TASK INSTRUCTIONS -> Only the lines from the one containing "Russian RU Keyboard" through the end of the data belong in the answer; reproduce them exactly.
─── THE DATA ───
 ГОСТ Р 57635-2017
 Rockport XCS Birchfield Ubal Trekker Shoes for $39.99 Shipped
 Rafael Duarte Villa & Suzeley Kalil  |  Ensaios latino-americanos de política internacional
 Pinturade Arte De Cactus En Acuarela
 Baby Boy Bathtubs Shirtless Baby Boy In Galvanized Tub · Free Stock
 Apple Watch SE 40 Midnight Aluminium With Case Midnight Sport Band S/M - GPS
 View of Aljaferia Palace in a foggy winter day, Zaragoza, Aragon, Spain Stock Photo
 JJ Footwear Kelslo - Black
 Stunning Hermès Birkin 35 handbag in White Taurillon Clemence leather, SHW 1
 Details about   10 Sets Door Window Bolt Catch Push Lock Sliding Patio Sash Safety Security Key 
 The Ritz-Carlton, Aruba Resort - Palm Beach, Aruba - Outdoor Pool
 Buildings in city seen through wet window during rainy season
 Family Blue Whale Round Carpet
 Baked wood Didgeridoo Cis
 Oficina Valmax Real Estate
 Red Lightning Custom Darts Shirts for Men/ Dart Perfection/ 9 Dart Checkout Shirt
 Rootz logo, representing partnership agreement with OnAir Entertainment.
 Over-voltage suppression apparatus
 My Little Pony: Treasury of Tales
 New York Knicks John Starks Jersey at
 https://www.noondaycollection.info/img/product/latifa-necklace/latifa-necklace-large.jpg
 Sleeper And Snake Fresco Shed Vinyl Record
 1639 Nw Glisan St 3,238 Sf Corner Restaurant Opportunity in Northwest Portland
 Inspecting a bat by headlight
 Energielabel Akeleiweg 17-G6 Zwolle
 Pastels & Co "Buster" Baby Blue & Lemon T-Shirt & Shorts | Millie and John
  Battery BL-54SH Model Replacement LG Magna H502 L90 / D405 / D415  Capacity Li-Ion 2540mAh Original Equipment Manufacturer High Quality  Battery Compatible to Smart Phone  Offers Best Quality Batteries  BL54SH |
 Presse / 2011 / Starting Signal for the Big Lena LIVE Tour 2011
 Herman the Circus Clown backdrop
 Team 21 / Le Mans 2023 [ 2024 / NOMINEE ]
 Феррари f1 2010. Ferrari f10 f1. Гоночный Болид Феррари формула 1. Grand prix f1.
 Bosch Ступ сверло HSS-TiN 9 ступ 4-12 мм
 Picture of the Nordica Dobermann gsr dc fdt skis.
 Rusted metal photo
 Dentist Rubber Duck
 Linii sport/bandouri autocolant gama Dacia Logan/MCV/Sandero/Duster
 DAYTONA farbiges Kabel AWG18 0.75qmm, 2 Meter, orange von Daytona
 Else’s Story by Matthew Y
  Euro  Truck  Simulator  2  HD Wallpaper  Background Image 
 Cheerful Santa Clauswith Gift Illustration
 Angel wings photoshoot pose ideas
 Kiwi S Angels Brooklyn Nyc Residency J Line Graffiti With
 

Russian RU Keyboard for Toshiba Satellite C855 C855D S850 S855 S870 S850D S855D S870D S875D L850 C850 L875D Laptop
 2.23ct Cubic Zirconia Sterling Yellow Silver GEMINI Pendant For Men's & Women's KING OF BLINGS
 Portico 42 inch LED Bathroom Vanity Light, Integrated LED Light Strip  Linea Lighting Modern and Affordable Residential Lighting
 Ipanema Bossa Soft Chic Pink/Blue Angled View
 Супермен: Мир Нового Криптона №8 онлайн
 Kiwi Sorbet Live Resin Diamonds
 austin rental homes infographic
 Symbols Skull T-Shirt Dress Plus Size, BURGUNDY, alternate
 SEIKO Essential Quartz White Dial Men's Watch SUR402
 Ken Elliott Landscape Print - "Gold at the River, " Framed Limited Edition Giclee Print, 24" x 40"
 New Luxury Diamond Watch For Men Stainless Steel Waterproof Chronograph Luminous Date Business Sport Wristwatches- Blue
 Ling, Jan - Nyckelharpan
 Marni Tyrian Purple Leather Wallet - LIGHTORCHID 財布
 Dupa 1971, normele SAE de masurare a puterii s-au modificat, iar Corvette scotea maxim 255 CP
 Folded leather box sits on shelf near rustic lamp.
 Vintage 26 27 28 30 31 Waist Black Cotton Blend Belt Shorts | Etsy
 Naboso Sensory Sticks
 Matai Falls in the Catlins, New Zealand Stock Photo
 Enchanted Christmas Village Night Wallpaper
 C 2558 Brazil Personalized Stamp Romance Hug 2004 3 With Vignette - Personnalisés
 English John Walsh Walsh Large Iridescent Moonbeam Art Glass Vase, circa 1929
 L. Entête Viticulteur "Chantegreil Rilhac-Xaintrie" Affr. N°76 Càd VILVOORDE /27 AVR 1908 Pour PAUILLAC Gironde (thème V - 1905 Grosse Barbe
───
SOLUTION BELOW ->
Russian RU Keyboard for Toshiba Satellite C855 C855D S850 S855 S870 S850D S855D S870D S875D L850 C850 L875D Laptop
 2.23ct Cubic Zirconia Sterling Yellow Silver GEMINI Pendant For Men's & Women's KING OF BLINGS
 Portico 42 inch LED Bathroom Vanity Light, Integrated LED Light Strip  Linea Lighting Modern and Affordable Residential Lighting
 Ipanema Bossa Soft Chic Pink/Blue Angled View
 Супермен: Мир Нового Криптона №8 онлайн
 Kiwi Sorbet Live Resin Diamonds
 austin rental homes infographic
 Symbols Skull T-Shirt Dress Plus Size, BURGUNDY, alternate
 SEIKO Essential Quartz White Dial Men's Watch SUR402
 Ken Elliott Landscape Print - "Gold at the River, " Framed Limited Edition Giclee Print, 24" x 40"
 New Luxury Diamond Watch For Men Stainless Steel Waterproof Chronograph Luminous Date Business Sport Wristwatches- Blue
 Ling, Jan - Nyckelharpan
 Marni Tyrian Purple Leather Wallet - LIGHTORCHID 財布
 Dupa 1971, normele SAE de masurare a puterii s-au modificat, iar Corvette scotea maxim 255 CP
 Folded leather box sits on shelf near rustic lamp.
 Vintage 26 27 28 30 31 Waist Black Cotton Blend Belt Shorts | Etsy
 Naboso Sensory Sticks
 Matai Falls in the Catlins, New Zealand Stock Photo
 Enchanted Christmas Village Night Wallpaper
 C 2558 Brazil Personalized Stamp Romance Hug 2004 3 With Vignette - Personnalisés
 English John Walsh Walsh Large Iridescent Moonbeam Art Glass Vase, circa 1929
 L. Entête Viticulteur "Chantegreil Rilhac-Xaintrie" Affr. N°76 Càd VILVOORDE /27 AVR 1908 Pour PAUILLAC Gironde (thème V - 1905 Grosse Barbe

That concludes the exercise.